I am posting tonight on the new PCB mod I did, it is from batteryspace.com. I will PM you, I have a spare.
http://www.batteryspace.com/index.asp?PageAction=VIEWCATS&Category=711

http://www.batteryspace.com/index.asp?PageAction=VIEWPROD&ProdID=2774


----------



## vestureofblood (Aug 29, 2008)

UPDATE: So after draining a bit of the overvoltage from my AW cells (down to about 4.09) I slipped the cells ito M*g61 and.... :mecry: there goes a 5761. I am realy not sure what to even do now. I am not liking the idea of having to undercharge the cells each time I use them but removing my new resistance fix sounds like a bummer too. Suggestions any one?

NL thanks. My PM board awaits your message.


----------



## Northern Lights (Aug 29, 2008)

vestureofblood said:


> UPDATE: So after draining a bit of the overvoltage from my AW cells (down to about 4.09) I slipped the cells ito M*g61 and.... :mecry: there goes a 5761. I am realy not sure what to even do now. I am not liking the idea of having to undercharge the cells each time I use them but removing my new resistance fix sounds like a bummer too. Suggestions any one?
> 
> NL thanks. My PM board awaits your message.


 
You need to soft start this mod. Spend the money, its a hobby after all, and get the AW driver and you will have a favorite light!

The only reason I fooled around with AWR, notice the R, drivers and NTCs was to have a plain off and on light. Those lights were used in law enforcement and in real life or death tatics you want the light off and not make a mistake and just dim it of flash it, just on and off, think about it and it is obvious why, otherwise I would put the AW driver in all my incadescents. High, Medium, low and strobe. AW is the best and he is a great friend too.

Using the AW driver/switch combo does away with all the needs this thread addresses. Go for it, you will not regret it.


----------



## m1ruf (Dec 20, 2008)

Sorry to bring this old thread up again but I have a question: :shrug:

is there a similar switch resistance fix you can do on a C-mag switch?

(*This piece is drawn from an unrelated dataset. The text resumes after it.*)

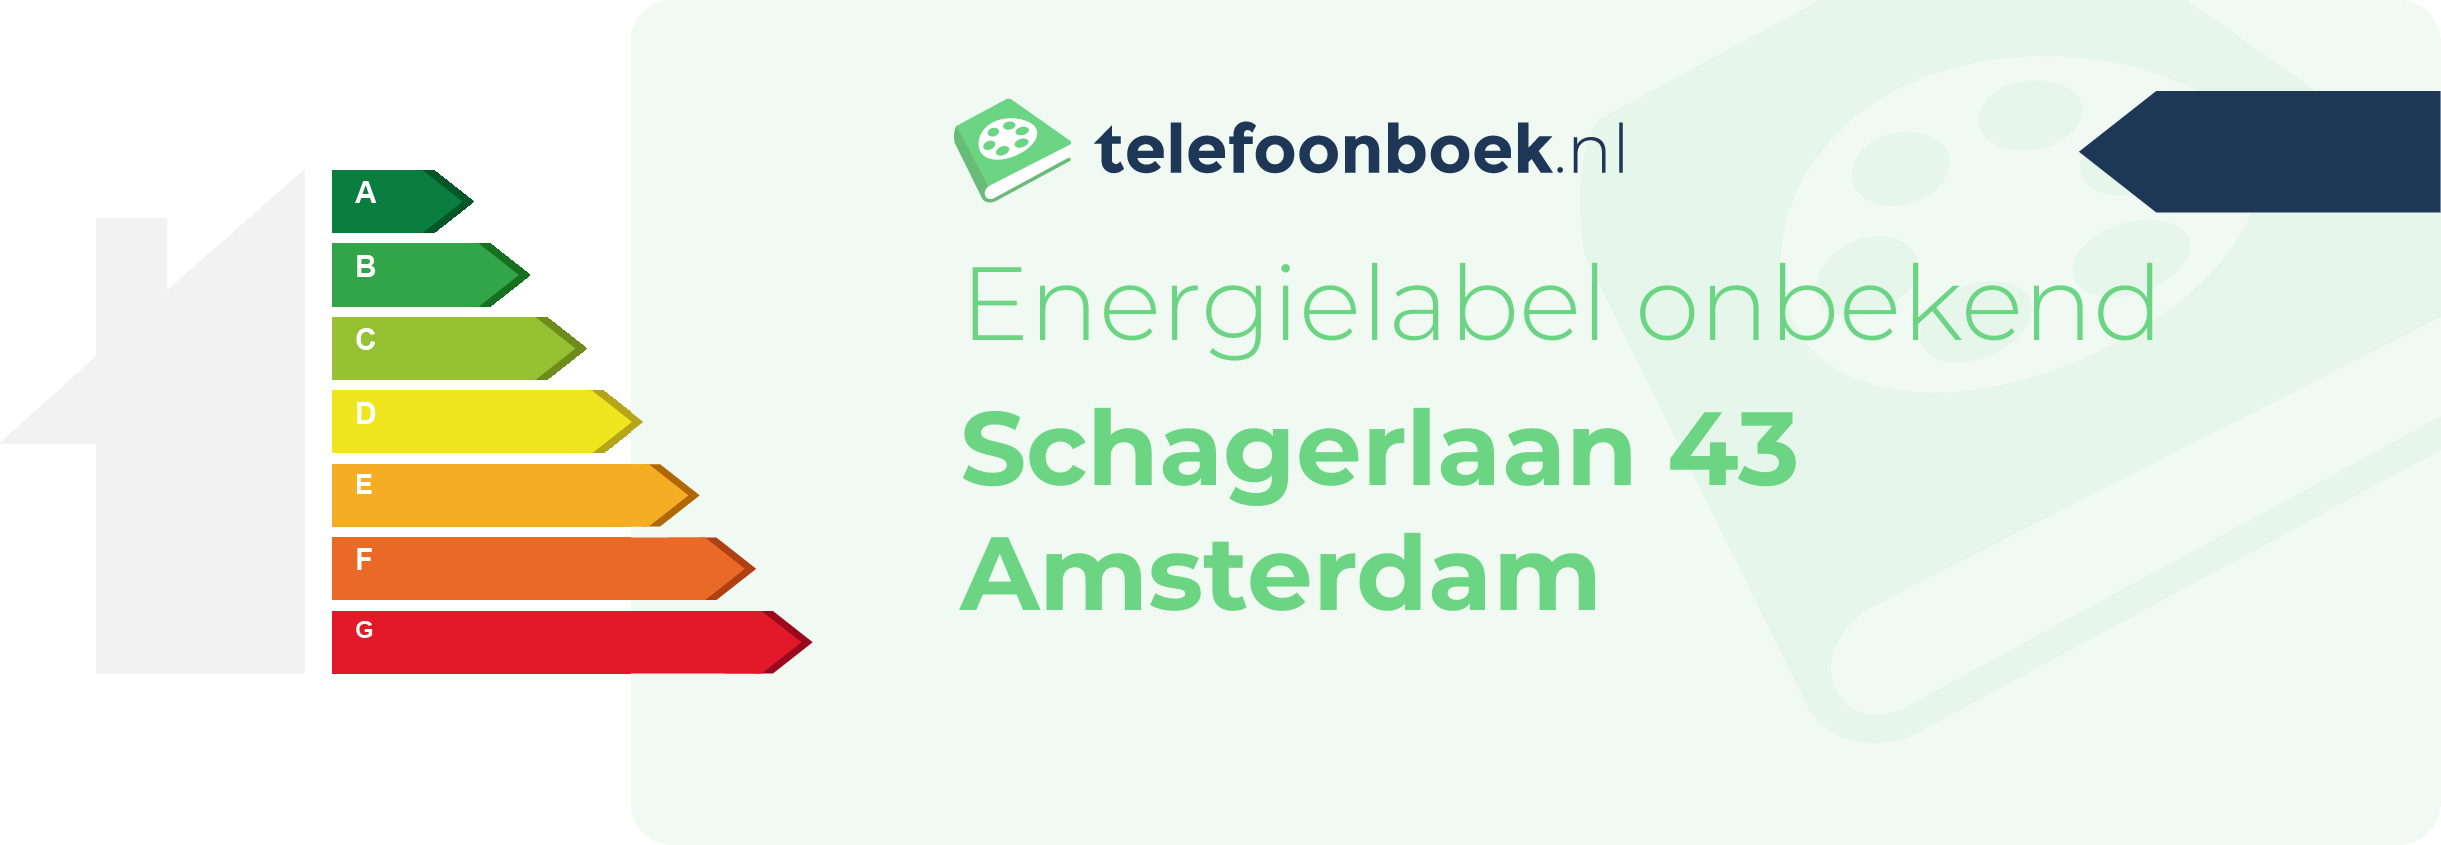 Energielabel Schagerlaan 43 Amsterdam

The switch in my 2C mag only has one spring cup (towards the bulb end), is this normal?

Does the C switch have as much internal resitance as the D switch, or less?

thanks for any answers!


----------



## Northern Lights (Dec 20, 2008)

m1ruf said:


> Sorry to bring this old thread up again but I have a question: :shrug:
> 
> is there a similar switch resistance fix you can do on a C-mag switch?
> 
> ...


You can do it pretty much the same way and yes, by the design I would say the resistanc is similar because it comes from the friction fit parts and those are the same.
Usually I drill a small hole in the bottom of the slug becow the cam. Open the plastic slot up to the bottom to accomodate some braid in that position and run the braid back around to the ground screw and solder to the plate. If I am using a Pr to bipin socket, I no longer use the factory cam action as it is useless when compared to premium reflectors, I solder the ground to the ground of the Pr to bi pin socket and solder the positive to the positive terminal coming out of the switch. You must be sure to insulate the appropriate wires.


----------



## vestureofblood (Dec 21, 2008)

m1ruf said:


> Sorry to bring this old thread up again but I have a question: :shrug:
> 
> is there a similar switch resistance fix you can do on a C-mag switch?
> 
> ...


 

Hello m1ruf,

A C mag is what I did this mod to. Mine had only one cup at the end of the spring if I remember right. I took the cup and roughed up the inside and cleaned it with rubbing alcohol, then put a bit of soldering paste in there and heated it with a propane torch and put the desoldering braid in (after tinning the wire and cup),then just soldered the other end to the switch contact where the spring was touching at the other end. I also treated all the other meal to metal contacts with progold. By doing this I got a huge jump in voltage off my 2x AW C cells. Before the mod I could put fully charged 4.2v cells in and had only one instance where the bulb flashed. After the mod 3.9v was about as hot as I could go without a . I have since overcome this as well using a fix similar to the one NortherLights shows with an NTC to soft start the bulb.


----------



## m1ruf (Dec 21, 2008)

thank you for all the answers!:twothumbs

I plan on building a ROP with the following parts:

- new 2c black mag
- download mag c-tower 
- download mac c-ring 
- 2x aw lithium c-cells
- fivemega 8.38mm hybrid mop reflector
- pelican ROP high bulbs

I've ordered two litemania chargers for the aw cells wich automatically shut off completly at 4.2 Volt. 
I already have progold and deoxid. 
I've also got some thermal grease (compound, non-adhesive) for use between the c-tower and the inner walls of the mag bodytube as well as in between the inner walls of the mag head (bezel) and the outside of the reflector. On both paces there is almost no gab existent without the thermal grease (a fraction of a millimeter) as the parts (reflector and c-tower) have been designed to dissipate as much heat as possible to the flashlight body (away from the plastic parts of the stock switch assembly). With the thermal grease inbetween heat transfear should be quite good, I hope.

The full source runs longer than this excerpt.